Alors on essaie de comprendre ce qui nous arrive. On se demande si on a simplement besoin de vacances, d’un meilleur équilibre, d’un nouveau projet, d’une reconversion ou d’un autre travail. On ouvre des dizaines d’onglets. On écoute des podcasts. On lit énormément. On réfléchit beaucoup. On cherche “la bonne réponse”. Mais plus on essaie d’obtenir une direction parfaitement claire immédiatement, plus tout semble devenir flou. Et honnêtement, je crois que beaucoup de femmes se pensent “perdues professionnellement” alors qu’elles sont surtout en train de traverser une transformation beaucoup plus profonde.
Les signes d’une perte de sens professionnelle
Quand on parle de perte de sens professionnelle, beaucoup de personnes imaginent immédiatement un burn-out spectaculaire ou une envie soudaine de tout quitter du jour au lendemain. Mais dans la réalité, c’est souvent beaucoup plus silencieux que cela.
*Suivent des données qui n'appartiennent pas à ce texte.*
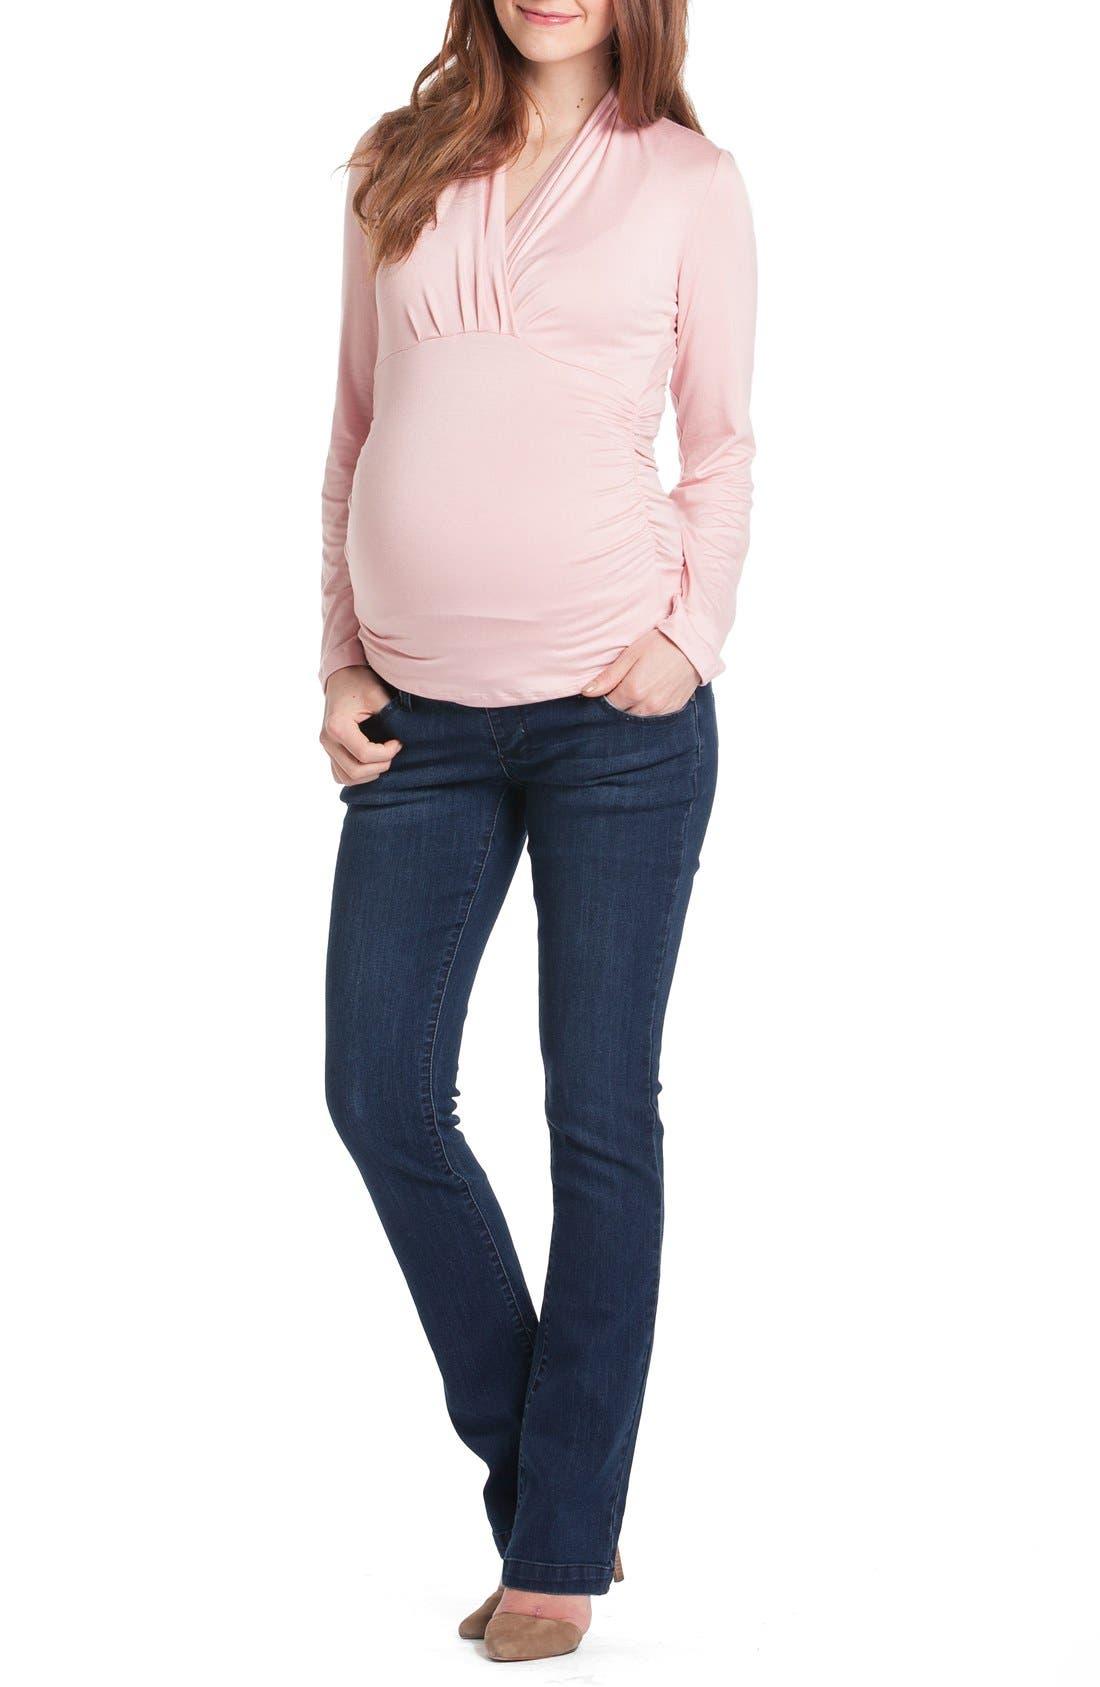 Lilac Clothing Megan Maternity Top

- Certaines femmes commencent à ressentir une fatigue étrange dès le réveil, alors même qu’elles ne détestent pas forcément leur travail.
- D’autres deviennent plus irritables, plus sensibles, plus vite épuisées par des tâches qu’elles arrivaient pourtant à gérer auparavant.
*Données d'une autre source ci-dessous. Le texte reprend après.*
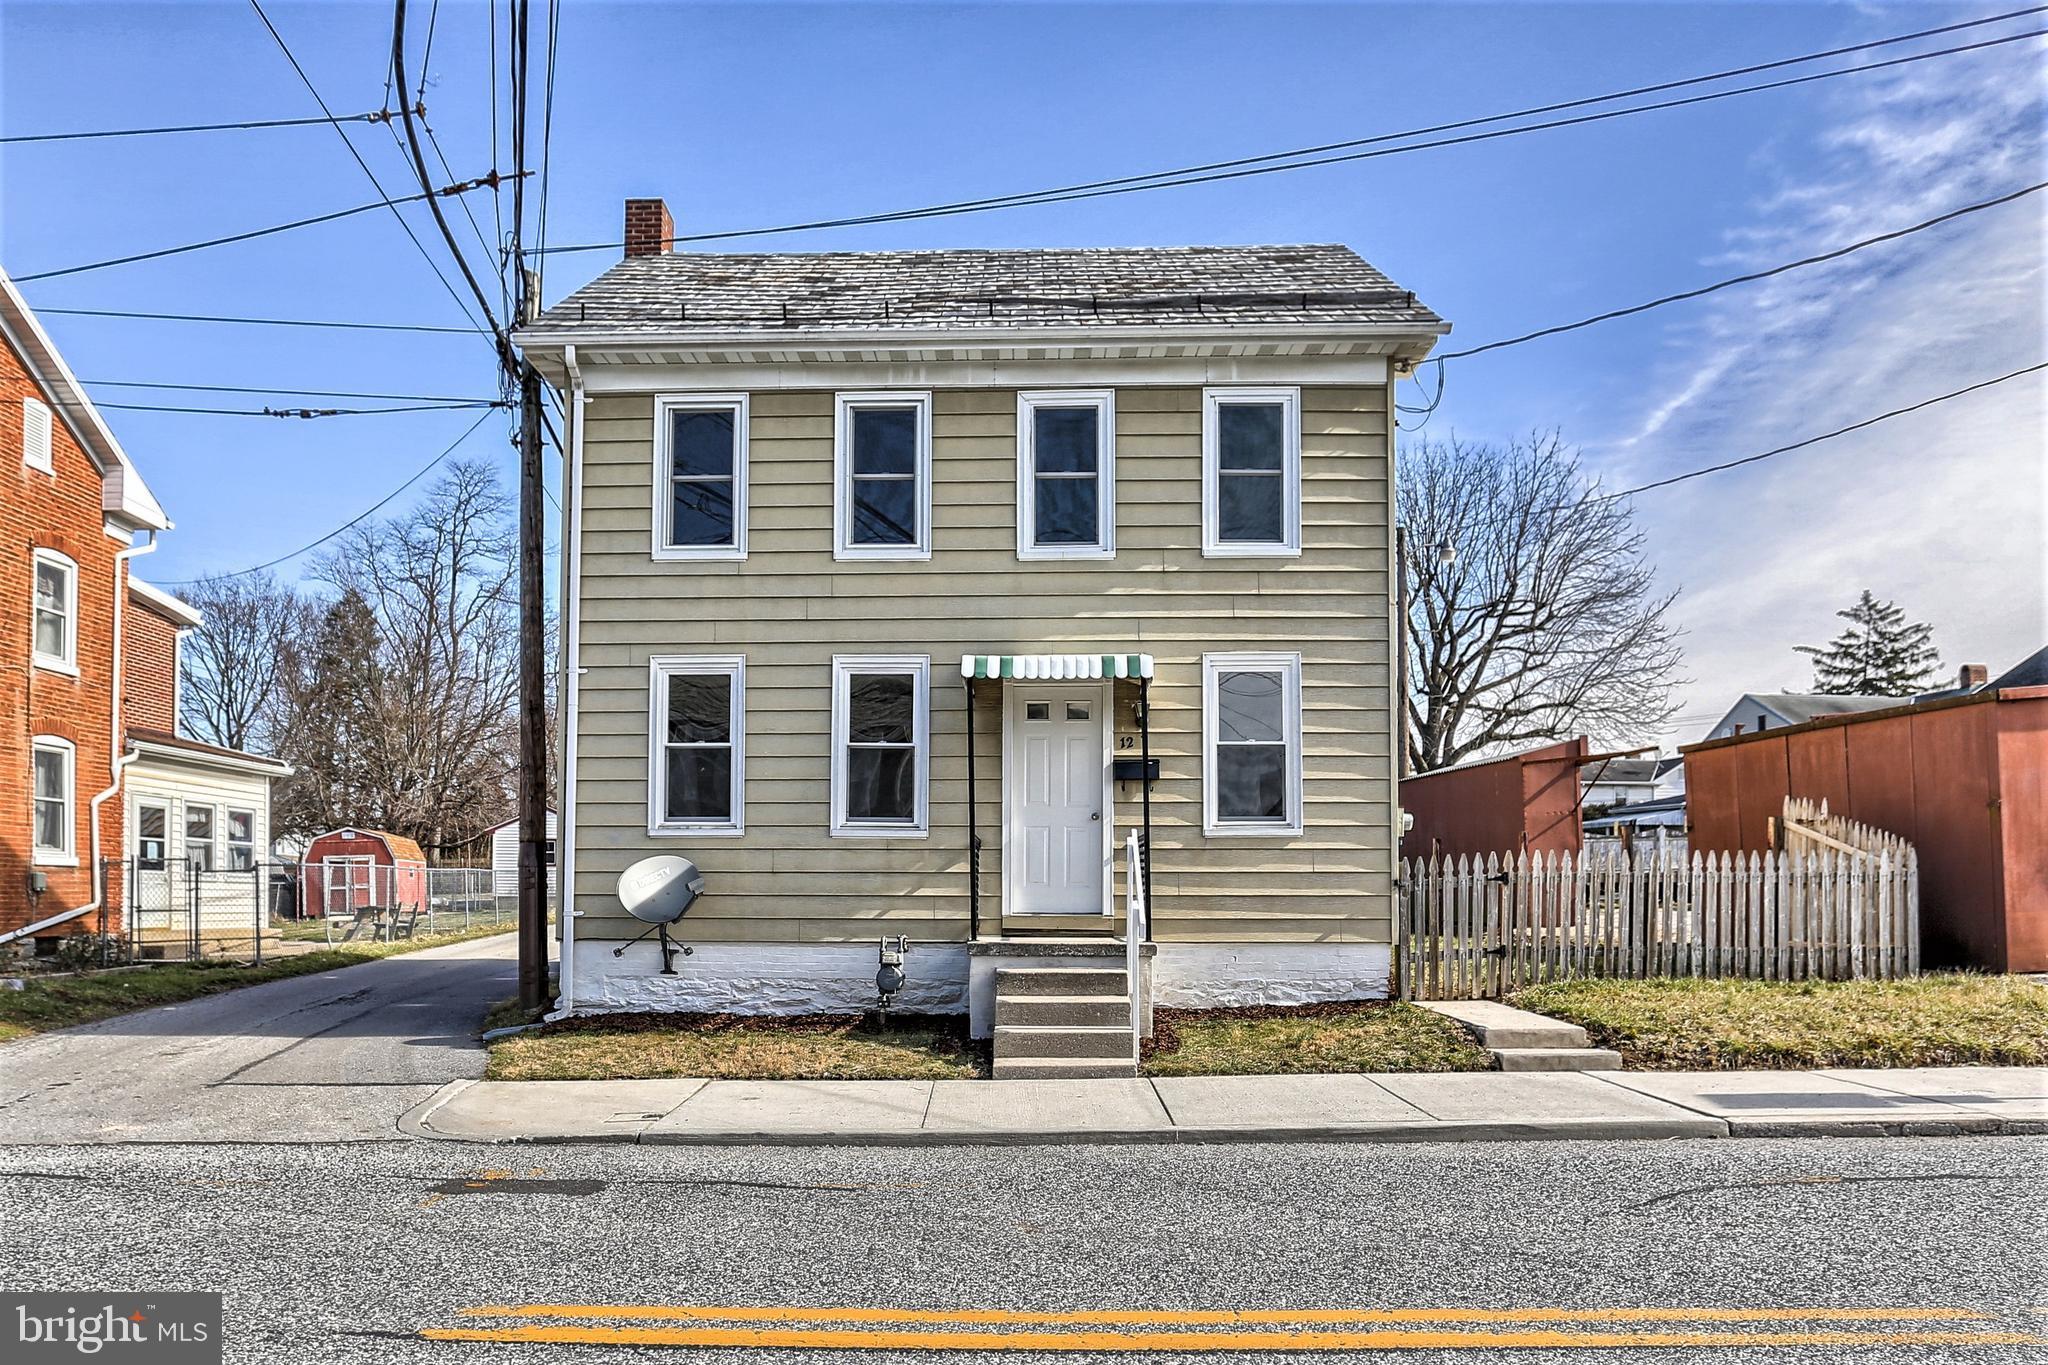 12 N 2ND STREET, MCSHERRYSTOWN, PA 17344

- Il y a aussi celles qui se surprennent à fantasmer régulièrement une “autre vie” sans réussir à savoir précisément laquelle.
- Certaines commencent à envier les personnes qui osent changer de voie, entreprendre ou ralentir, alors qu’elles-mêmes restent bloquées dans une forme d’immobilité intérieure.
- Très souvent, il y a aussi une perte progressive de projection. On continue à faire ce qu’il faut faire, mais sans véritable élan. Les journées se ressemblent. On a l’impression d’être “en veille”. Et plus le temps passe, plus une petite voix intérieure commence à répéter : “Je ne peux pas continuer comme cela encore dix ans.”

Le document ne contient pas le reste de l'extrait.